* _TASK_
Please restate word for word the lines of the entries below from the one with "miniature poodle puppy" to the one with "韩国污漫画 職場陷阱 第28话-在老公面前被别人上 43", inclusive, and leave out every picture.

╭─ GIVEN INFORMATION

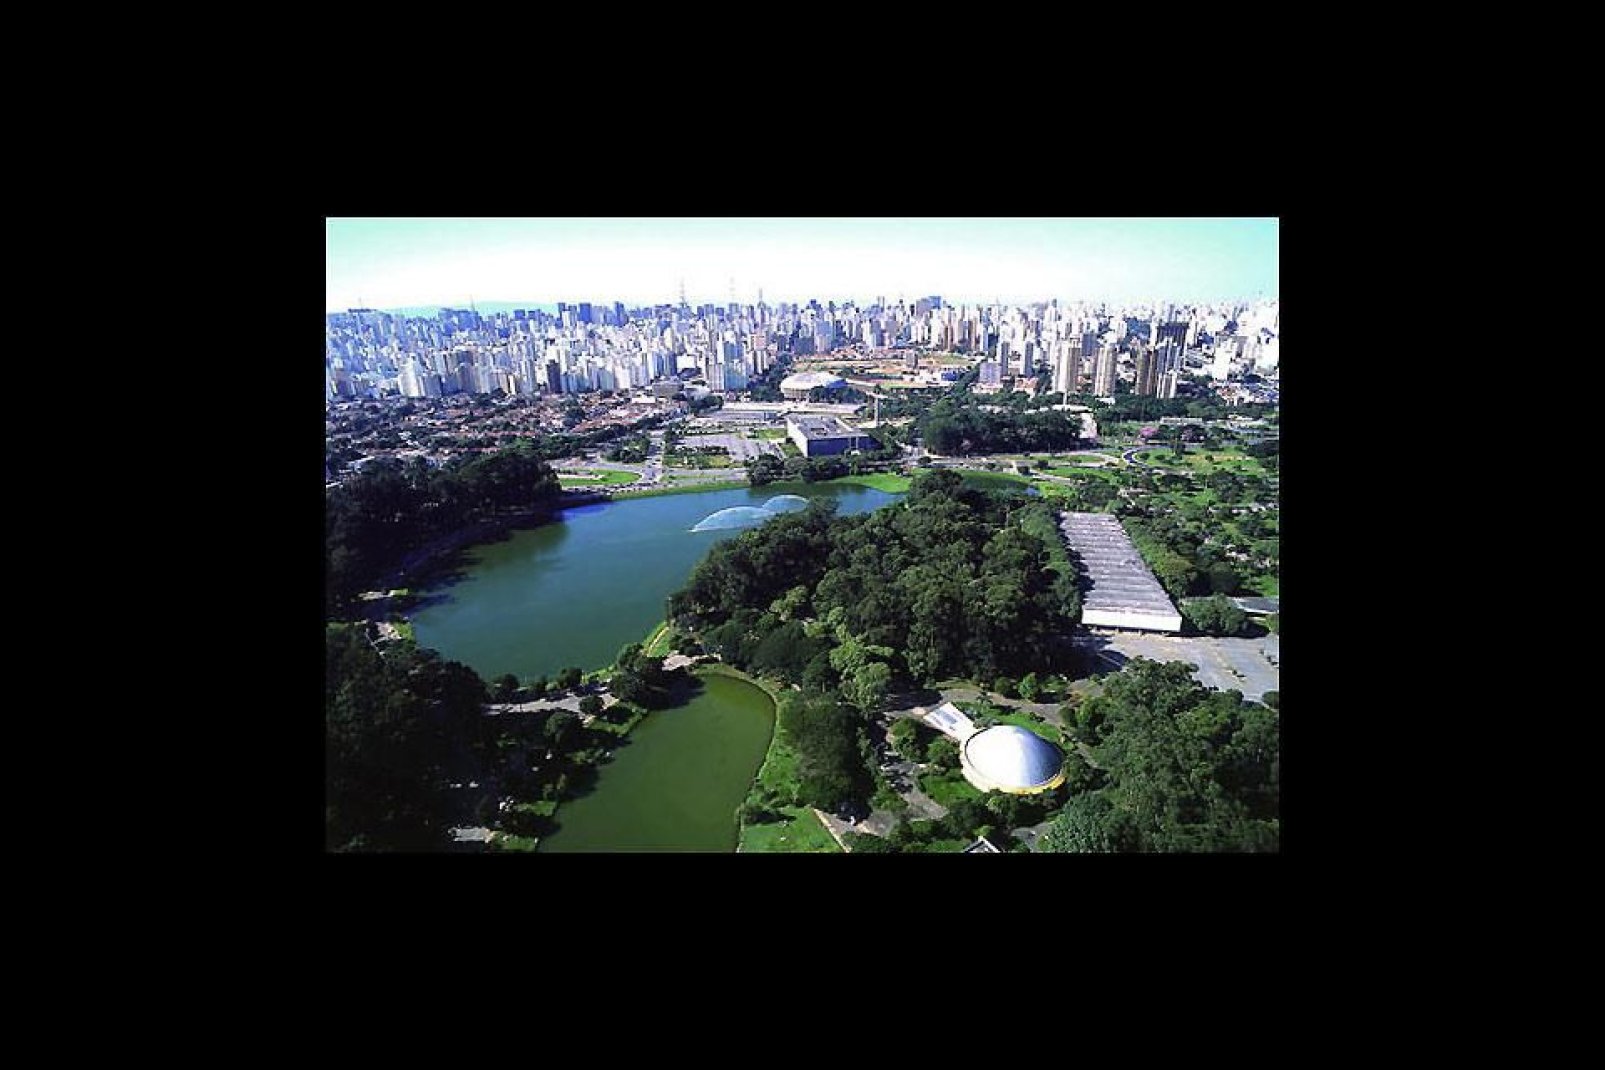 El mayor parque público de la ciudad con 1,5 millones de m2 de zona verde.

╰─
╭─ GIVEN INFORMATION

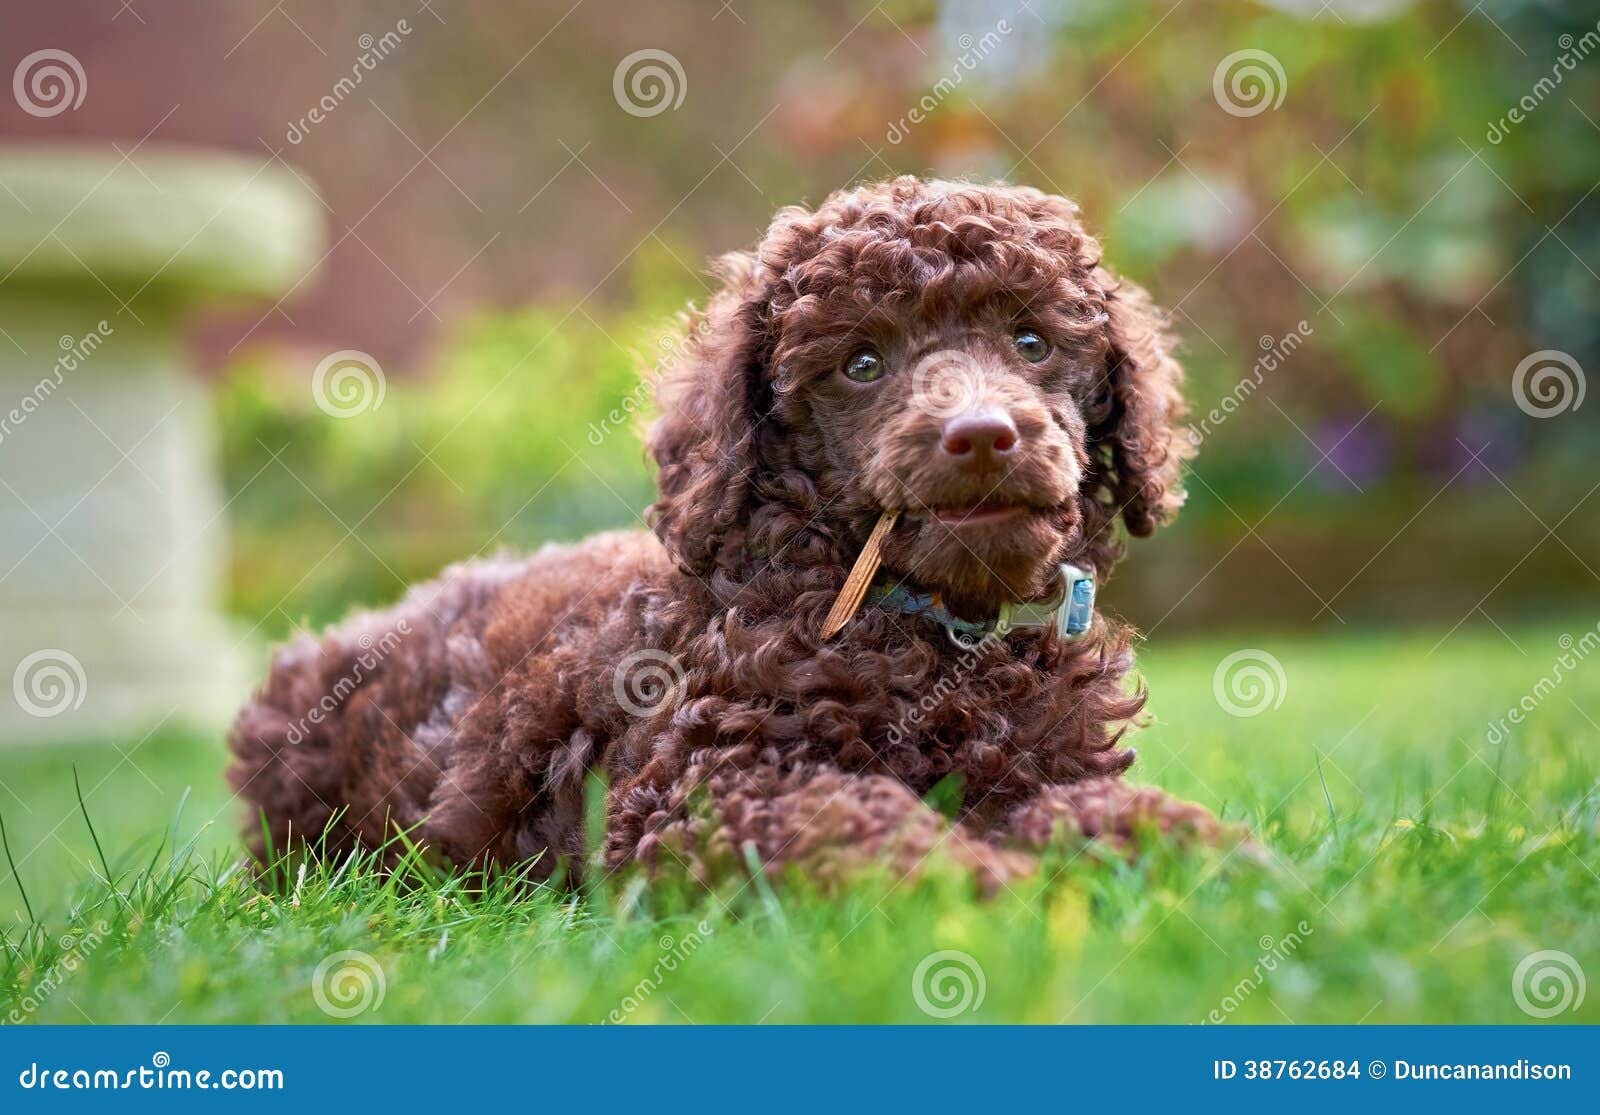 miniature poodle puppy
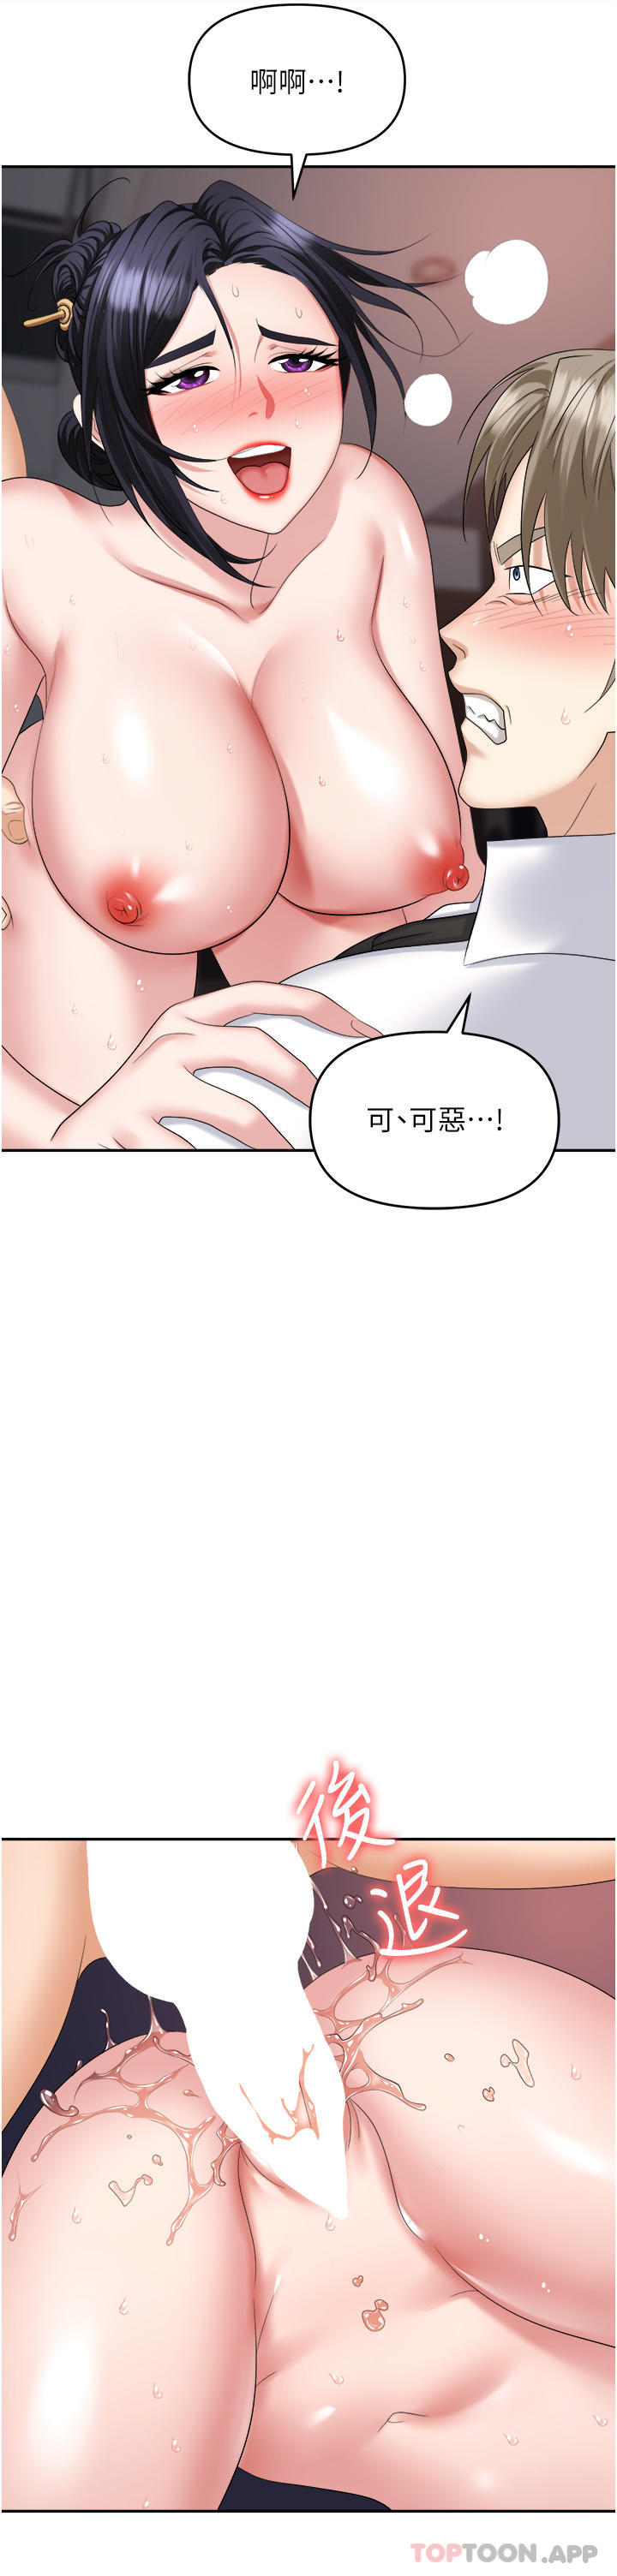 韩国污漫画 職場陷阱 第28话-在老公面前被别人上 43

╰─
╭─ GIVEN INFORMATION

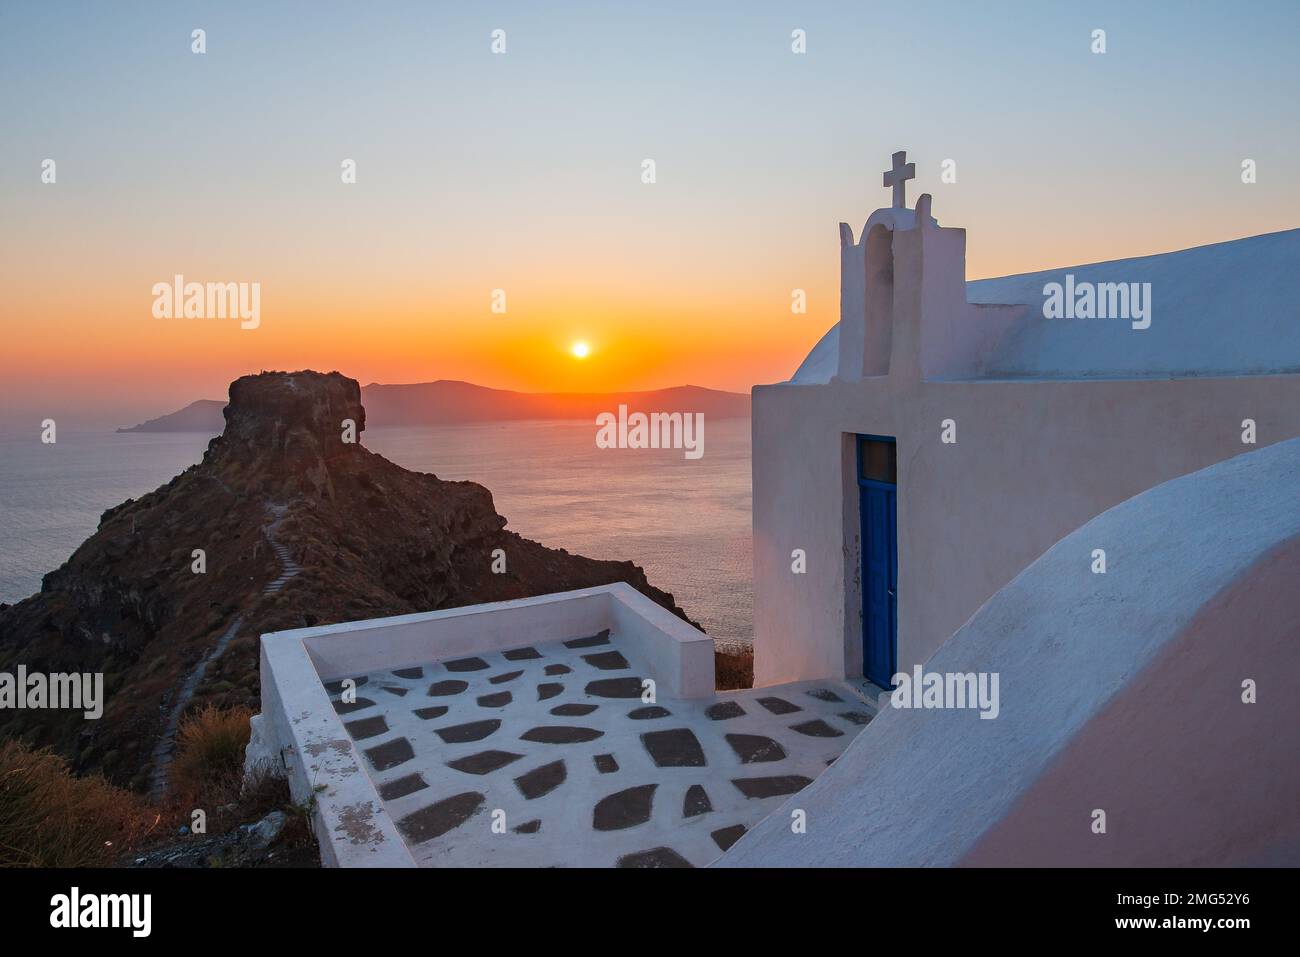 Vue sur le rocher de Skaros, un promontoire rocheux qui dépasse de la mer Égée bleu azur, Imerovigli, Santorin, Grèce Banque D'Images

╰─

* _RESULT_
 miniature poodle puppy
 韩国污漫画 職場陷阱 第28话-在老公面前被别人上 43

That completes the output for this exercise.